In answer to Tomislav, I think there is a light compression applied to all recorded video, called YUV, which compresses shades of gray or luminance, called Y, and two chrominance values called U and V. The U vector points approximately in the red direction while the V vector points approximately in the blue direction. Any color can be converted from its RGB representation to its YUV values using a simple matrix transformation. The advantage to this approach is that the Y value can be digitized at full resolution while the U and V can be digitized at lower resolutions because the eye (and fortunately biomechanical analysis!) is not so sensitive to this information.

In my view, AVI (or QuickTime) is much preferable as he recording format because it can be easily edited. Due to the way it is compressed, MPEG files cannot easily (at all?) be pulled apart, making them difficult to edit. On the other hand, MPEG can be much more heavily compressed - mind you, I would suggest that we don't really want this for biomechanical purposes.

With regard to storage medium, I agree wholeheartedly with Rick Hinrichs that it is far better to have the video recorded directly to computer file, otherwise the downloading and conversion can be very tedious. I also think that it encourages the user to edit the data at the time of recording, whihc is much more efficent - most biomechanical movements are quite short. So, for me, the camera (or card) should record directly to disk or other digital storage medium. For this reason, I don't think FireWire is helpful. The same applies to using a card in the computer - OK for static setups, but I think most people are looking for a standalone solution.
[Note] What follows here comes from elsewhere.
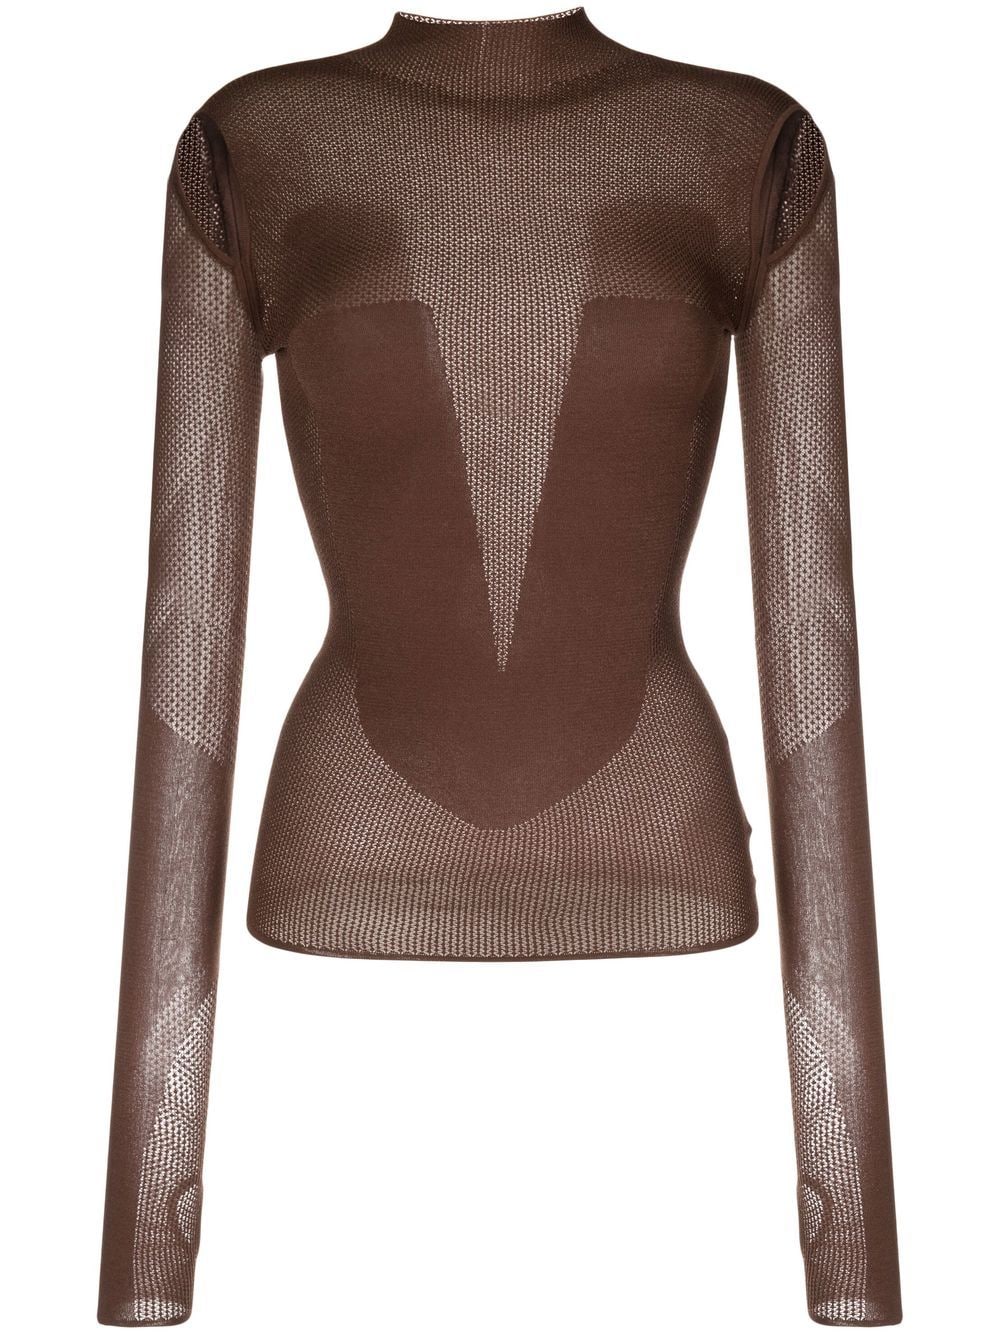 Dion Lee cut out-detail knitted top - Brown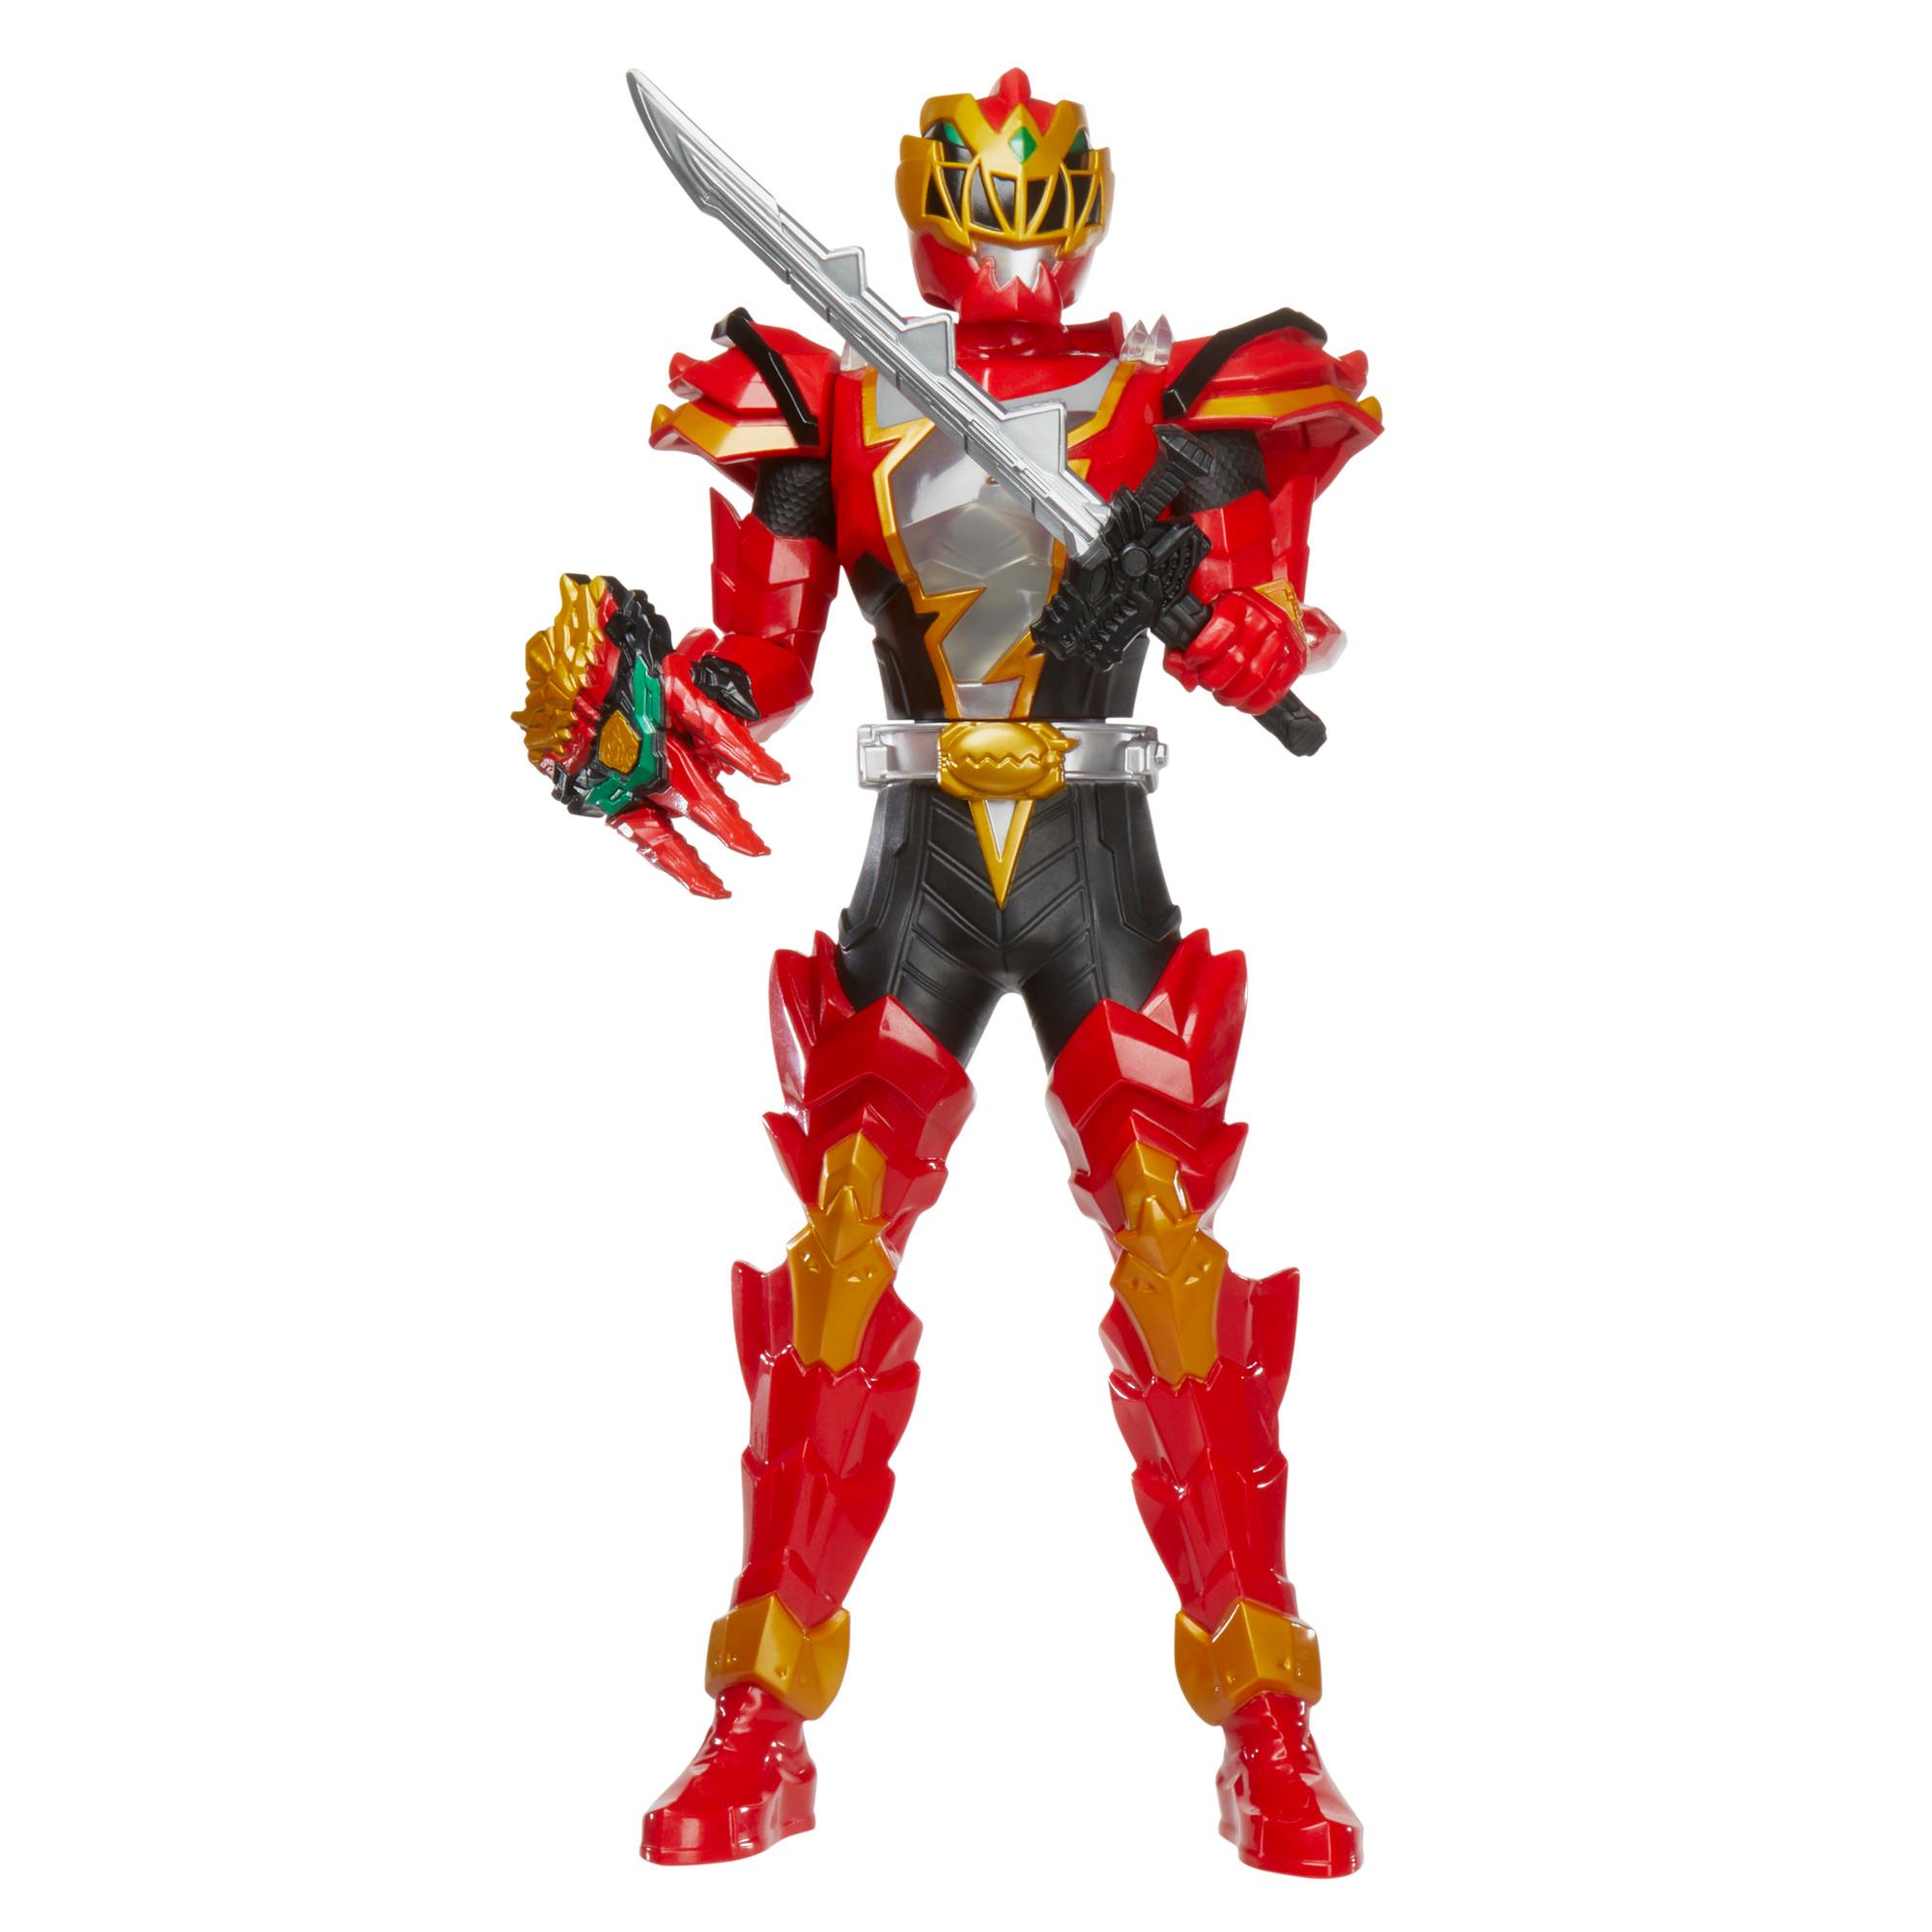 Power Rangers Dino Fury Spiral Strike Red Ranger 12-inch Scale Electronic Action Figure Toy, Ages 4 and Up, Includes 2 Accessories

I am personally always looking for a camera which is capable of recording short (up to, say 3 minutes or so) sequences at maximum digital frame rate (30 frames per second) with light compression to a SmartCard or mini-hard disk. I think this would be ideal for our purposes. To my knowledge, there's nothing yet out there which satisfies this spec, although the camera that I mentioned seems closest. I used to have a Hitachi MPEGCam 5 years ago (I think it is no longer on the market) which did this, but I had editing problems because of the MPEG format. Note that any camera will also have to have a fast, manual shutter speed and not suffer from the hibernation problem already mentioned. I carry a Fujifilm Finepix with me for still pictures which records short videos, but these are only 12 fps. I once tried the full "SLR" S7000 version which did seem to
record at 30 fps but was quite costly.

It is all very frustrating, but I really think that we are all waiting for Godot until such a camera comes along!